** Opening Recorded information block **

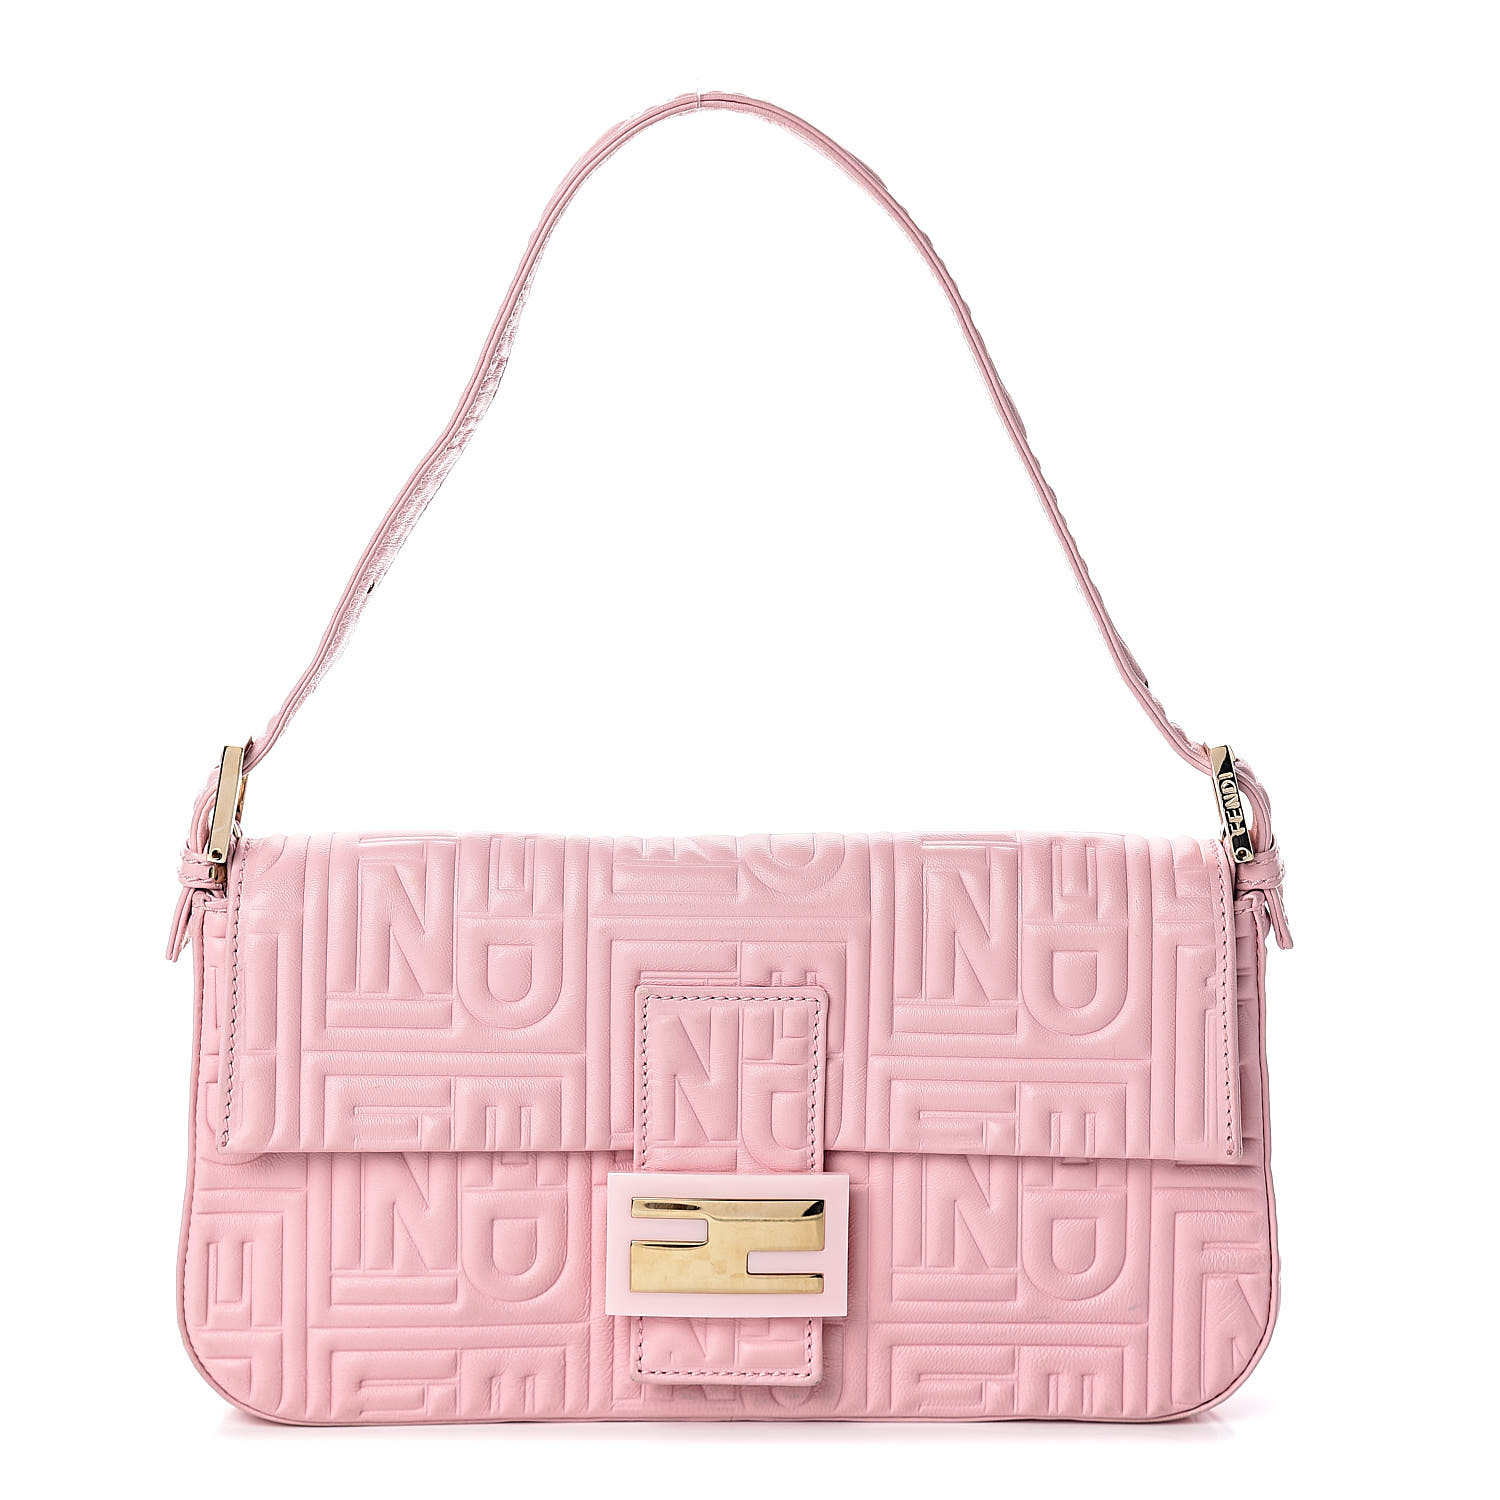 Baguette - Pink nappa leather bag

** Closing Recorded information block **
** Opening Recorded information block **

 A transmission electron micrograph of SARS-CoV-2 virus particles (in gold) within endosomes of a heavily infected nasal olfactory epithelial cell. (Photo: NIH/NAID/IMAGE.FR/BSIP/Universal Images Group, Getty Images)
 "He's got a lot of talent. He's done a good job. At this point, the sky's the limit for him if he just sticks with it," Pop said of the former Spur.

** Closing Recorded information block **
** Opening Recorded information block **

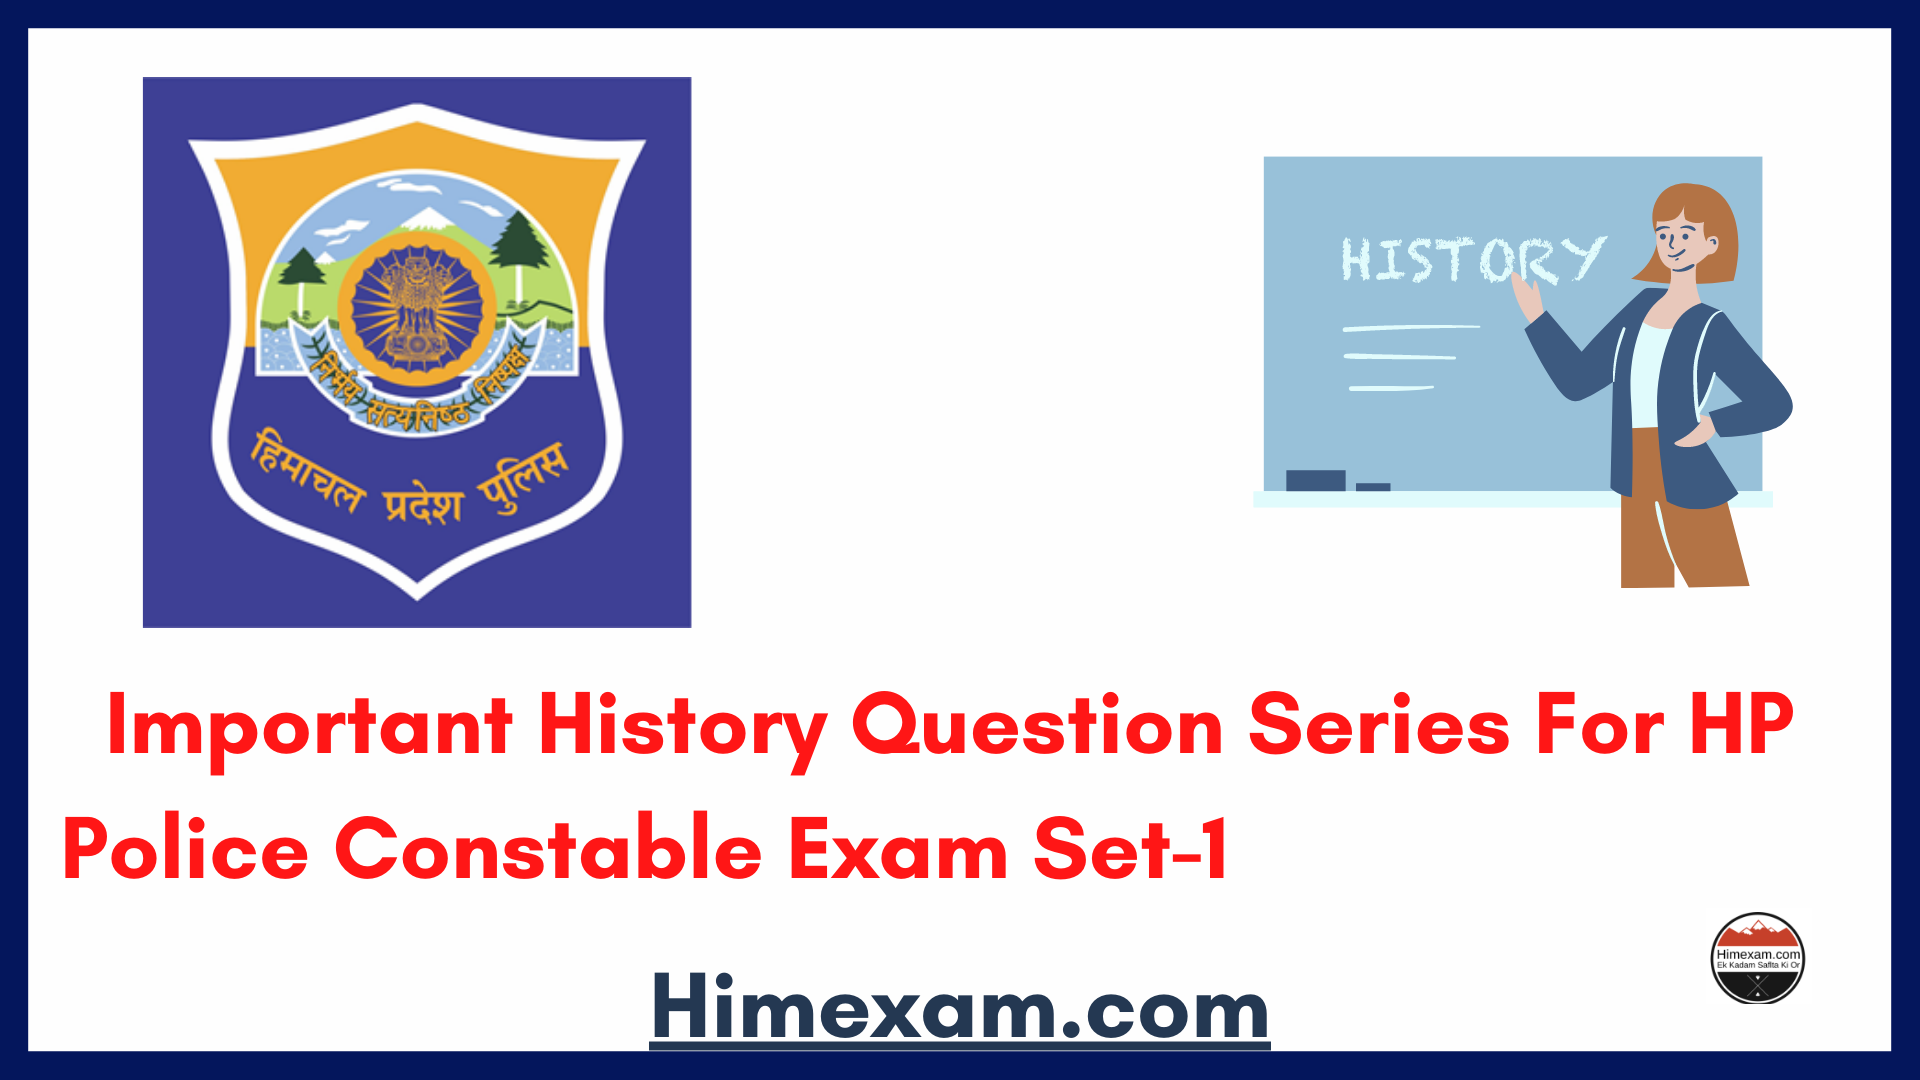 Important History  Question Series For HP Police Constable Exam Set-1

** Closing Recorded information block **

## What this task involves
Given the records above, restate word for word only the lines starting at the one with "A transmission electron" and ending at the one with "the former Spur.".

## Your response
 A transmission electron micrograph of SARS-CoV-2 virus particles (in gold) within endosomes of a heavily infected nasal olfactory epithelial cell. (Photo: NIH/NAID/IMAGE.FR/BSIP/Universal Images Group, Getty Images)
 "He's got a lot of talent. He's done a good job. At this point, the sky's the limit for him if he just sticks with it," Pop said of the former Spur.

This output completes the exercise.